ABE Example - setting target species composition

During tending phases, one of the major goals of forest management is to modify the species composition to better comply to the target species composition. In reality, this process is quite complex and includes many detailed decisions (which trees to keep and/or liberate, should extra trees be planted, and if so, where, ...). An approach to mimic this in iLand is given in this example.

The target species composition can be set for the custom thinning activities. It works as follows:

• onEvaluate-handler: the handler function is expected to return a Javascript object that define removal probability per species. For example, this could look like:

{ piab: 0.3, fasy: 0.5, rest: 0.9}

• if such an object is provided, the algorithm does its selection of trees according to these probabilities; in the example, a spruce would be selected with p=0.3 (i.e. 70% chance of not being taken). The probability for ‘rest’ is used for all species not explicitly addressed.
• Those probabilities are derived from (i) the current state of the forest stand, and (ii) the target species composition as defined e.g. for the STP (see the options property of STPs):

The following code snipped illustrates the approach:

// add target species shares in the options of STPs
fmengine.addManagement({ … <other stuffs>,
		options: { plan: {piab: 0.5, fasy: 0.3, lade: 0.2}}}, 'stp04');

// use this in the activities of the STP: call a JS function with the plan 
// defined for the STP and other parameters
var a_thinning2 = { … <other stuff>,
       thinning: 'custom',
	   onEvaluate: function(){ var t=
                 calculateSpeciesProbabilities(stp.options.plan, 
                                              this.targetValue, 5);
			if (stand.trace) { console.log("plan"); print(t);}
			return t; },
       targetValue: 30, …
    };

• The stand treatment program includes the target composition as part of the options.
• In the custom thinning activity, the stp.options.plan is used in calling a javascript function (see below).
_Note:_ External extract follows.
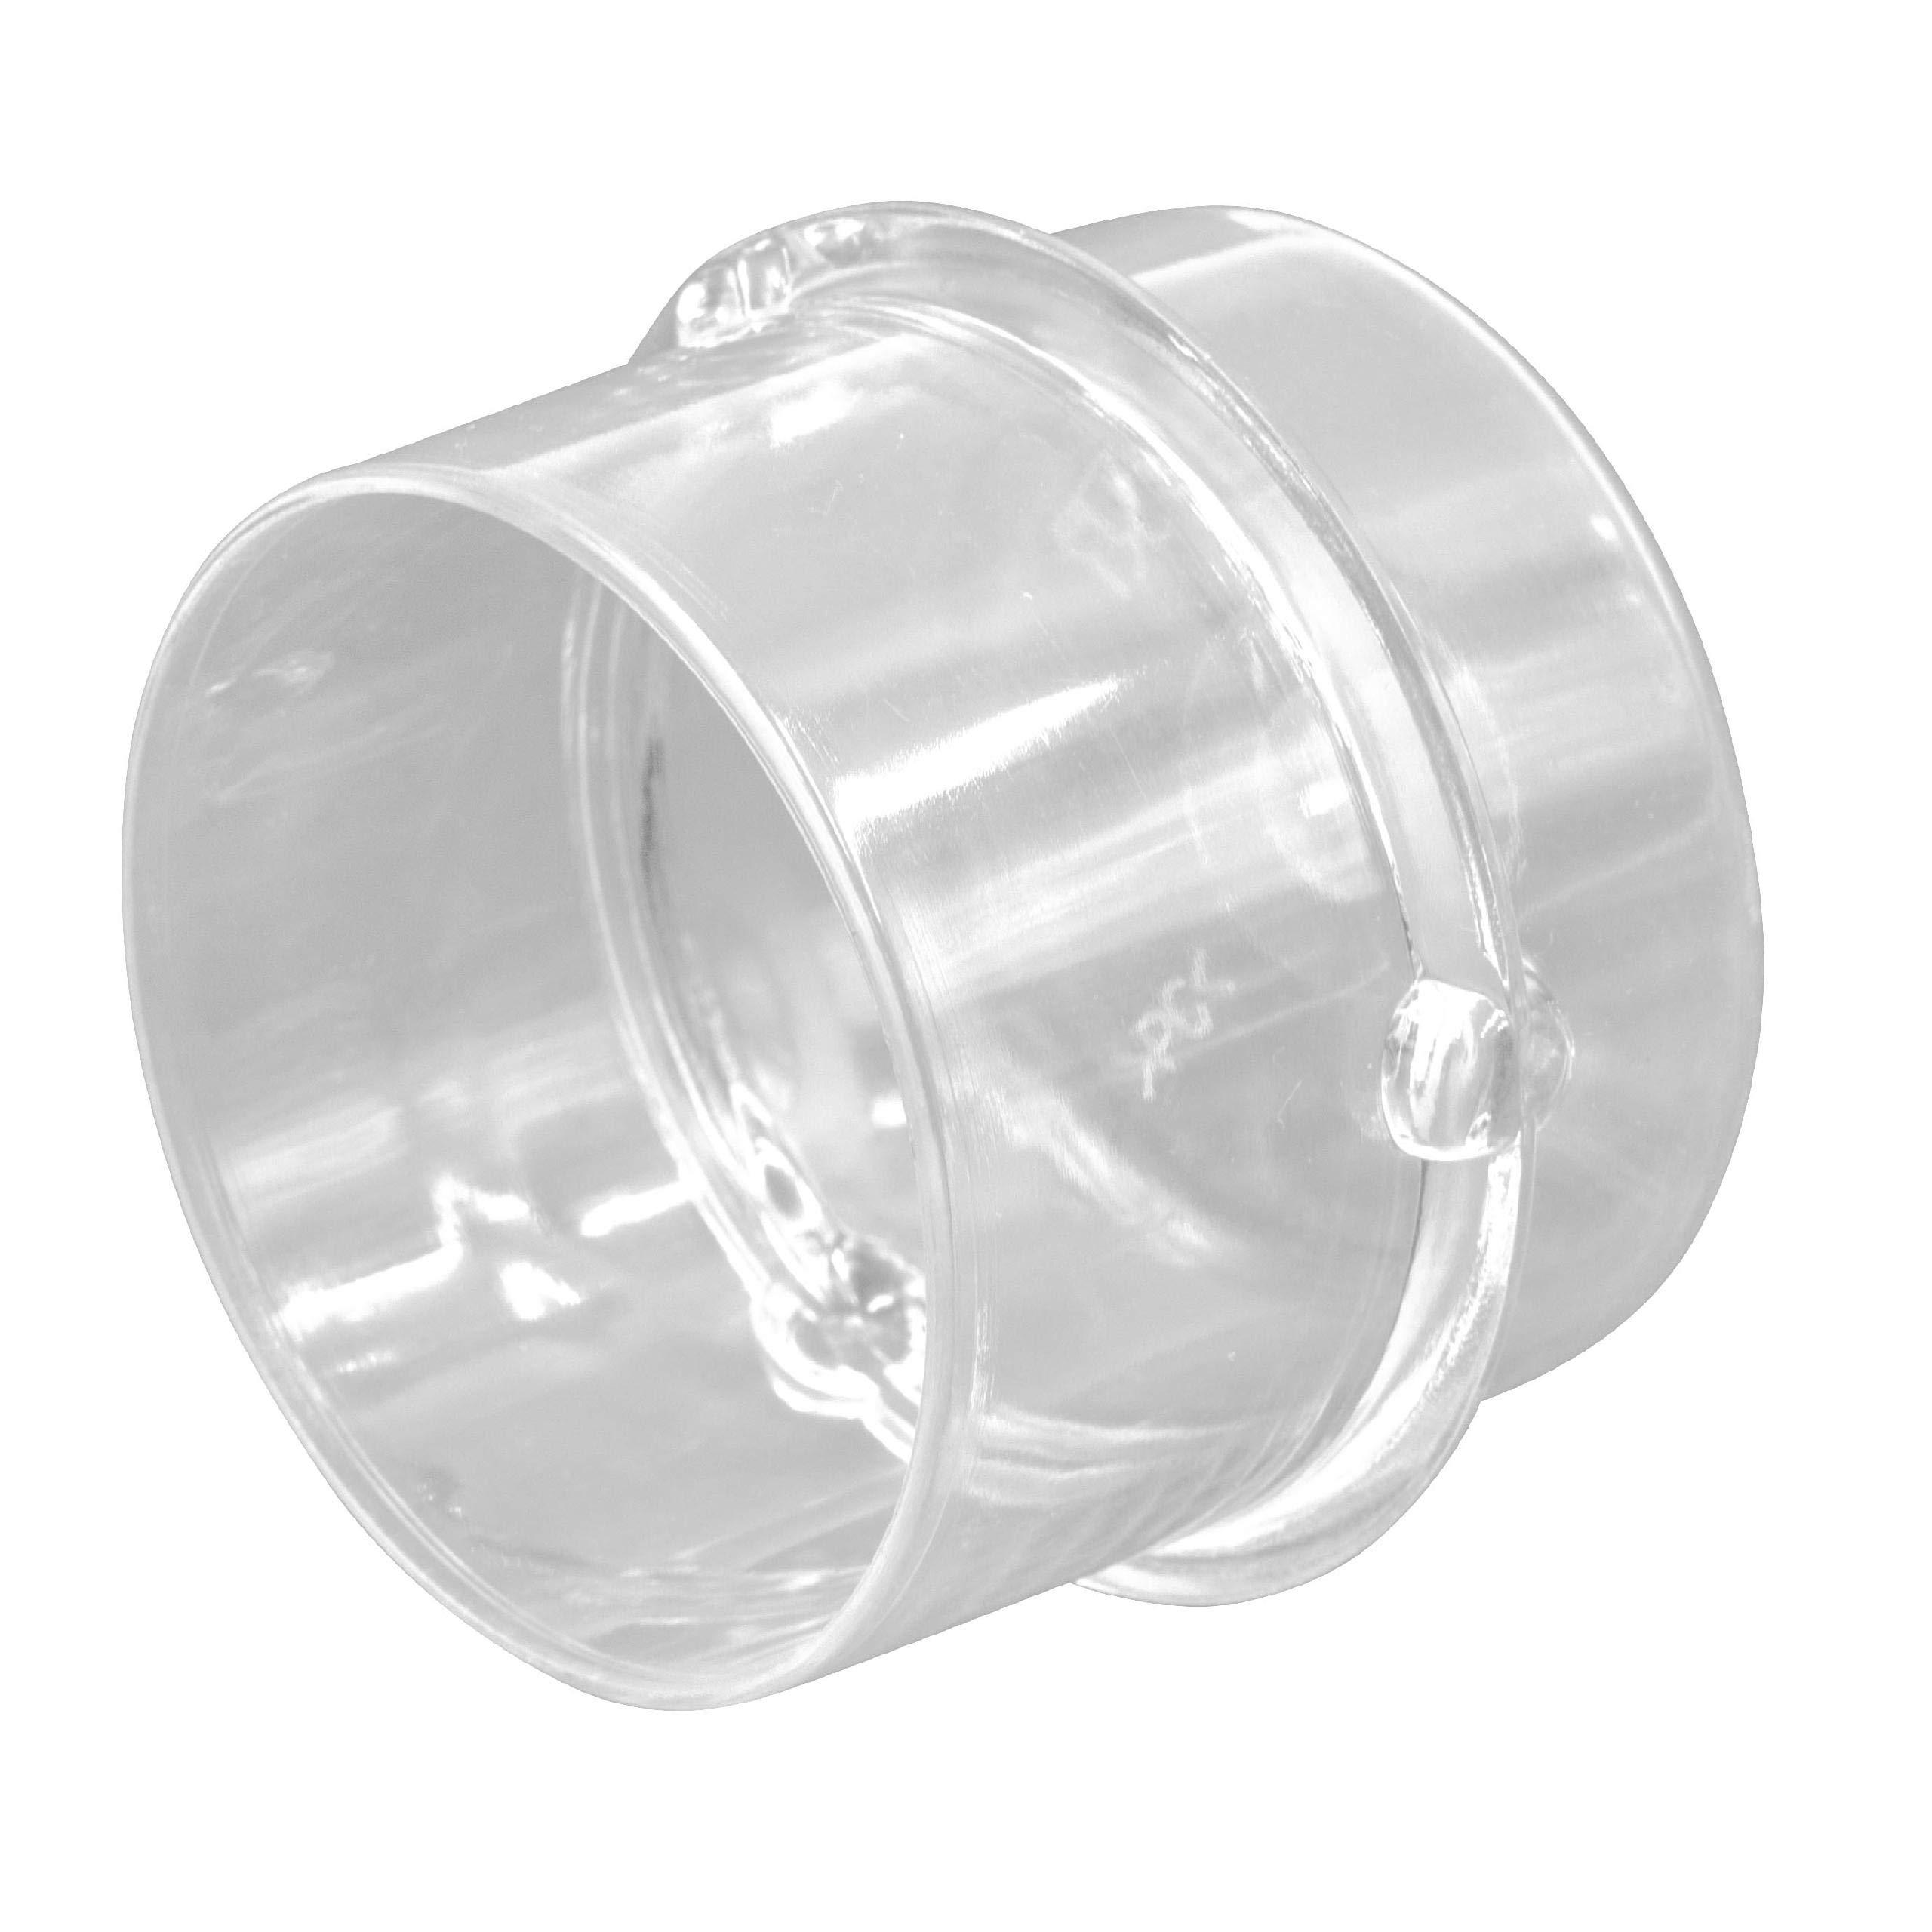 vhbw Cubilete medidor, tapa de cierre adecuada para Vorwerk Thermomix TM21, TM31, TM3300, TM5, TM6 robot de cocina: Amazon.es: Hogar
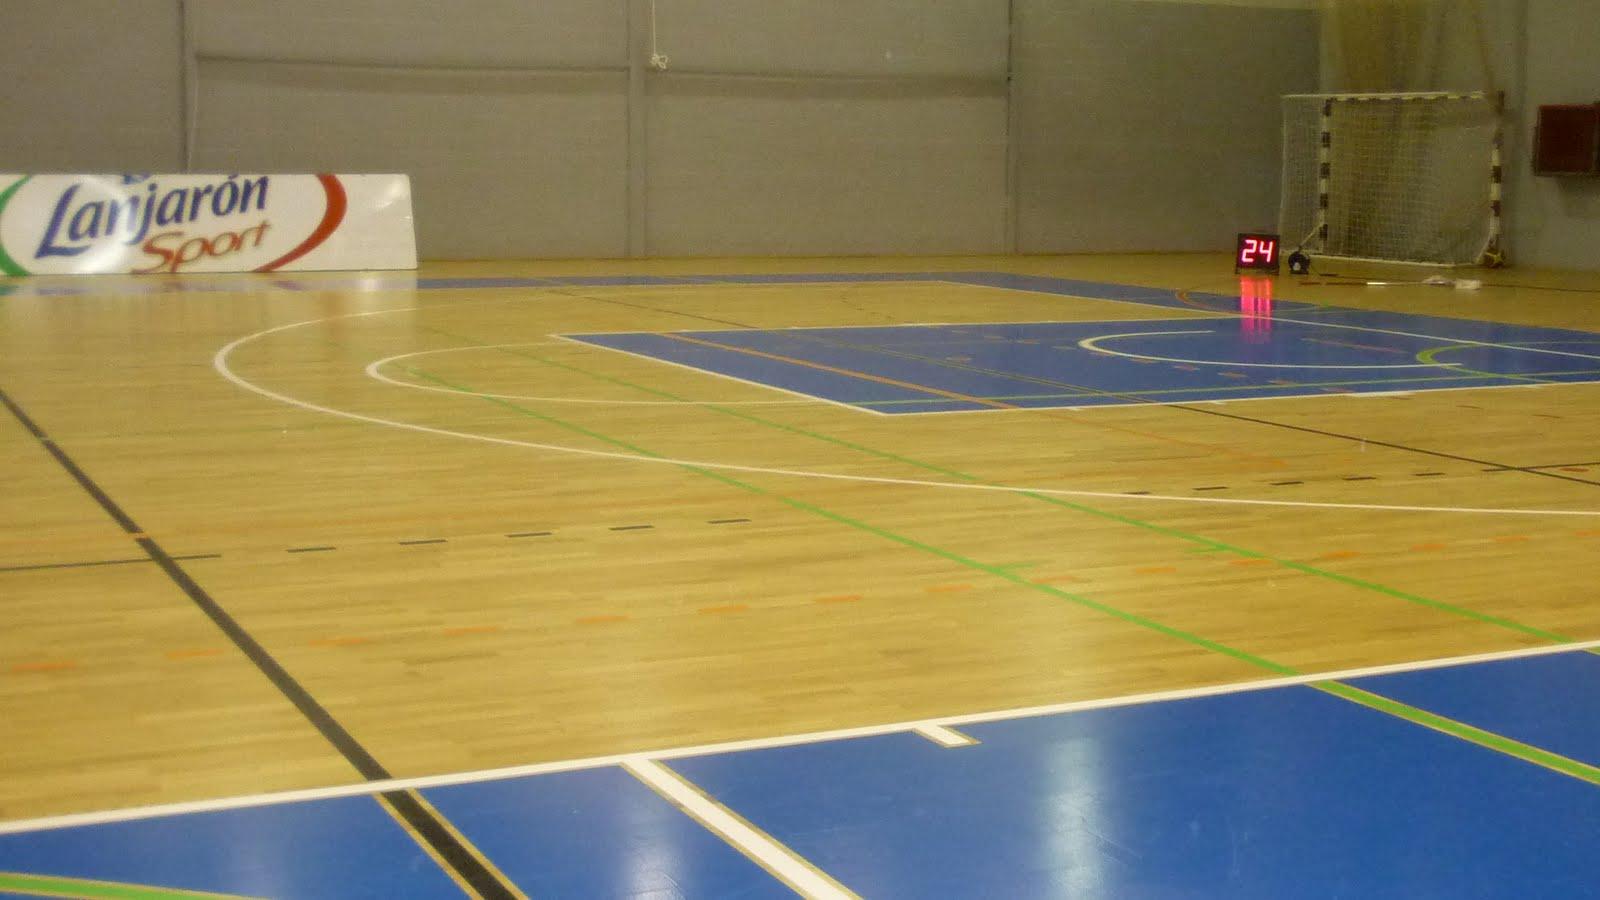 Basket azul n gozada de nuevo parquet - Como dejar el parquet como nuevo ...

Using this approach, the same activity (-+a_thinning2+-) can be used from different programs (with different target species compositions).
• the onEvaluate handler returns the species-specific removal probabilities given in t

Below is this custom Javascript code, that acutally calculates the probabilties:

// the custom-javascript function:
// plan_rel: object with target species composition (fractions)
// pct_reduction: % of basal area to remove in the operation
// min_value_remaining: minimum basal area (m2/ha) that should remain
// Return: object with removal probabilities pers species 
function calculateSpeciesProbabilities(plan_rel, pct_reduction, min_value_remaining)
{
	// collect basal areas (current state)
	var state_abs = {};
	var total = 0;
	for (var i=0;i<stand.nspecies;++i) {
		state_abs[stand.speciesId(i)] = stand.basalArea(i);
		total += stand.basalArea(i);
	}

	var target = Math.max(total * (100-pct_reduction)/100, min_value_remaining );
	if (target == min_value_remaining)
		return false; // in this case: cancel the thinning
	
  // call the ‘magic’ function that does the calculation
  var plan = alignTarget(state_abs, plan_rel, target);
  return plan;
}

function alignTarget(full_state_abs, plan_rel, target_abs)
{
	var plan = {}; // empty object
	var state_abs = {rest: 0}; // 
	
	var plan_sum = 0;
	var state_sum = 0;
	var s;
	for (s in full_state_abs) {
		if (s in plan_rel)
			state_abs[s] = full_state_abs[s];
		else
			state_abs['rest'] += full_state_abs[s];
	}
	if (!('rest' in plan_rel))
		plan_rel['rest'] = 0;
	//print(state_abs); 
	
	for (s in state_abs) {
		//fmengine.log(s + ": " + target_abs * plan_rel[s] + ": " + state_abs[s] );
		plan[s] = Math.min(target_abs * plan_rel[s], state_abs[s] );
		//fmengine.log(Math.min(target_abs * plan_rel[s], state_abs[s] ));
		plan_sum += plan[s];
		state_sum += state_abs[s];
	}
	//print(plan);
	//fmengine.log(plan_sum); fmengine.log(state_sum);
	if (plan_sum==0)
		return false;
	plan_sum = 0;
	for (s in state_abs) {
		plan[s] = state_abs[s]- plan[s];
		plan_sum += plan[s];
	}
	for (s in state_abs) {
		plan[s] = ( plan[s] * (state_sum-target_abs) / plan_sum);
		if (state_abs[s]>0) 
			plan[s] /= state_abs[s];
		else
			plan[s] = 1; // do nothing when nothing is in state
	}
	return plan;
}

• The calculateSpeciesProbabilities() function determines first the basal area of each species on the stand (using the stand object of the API)
• If there are enough trees (basal area) on the stand, the function alignTarget() actually does the calculation of species removal probabilities.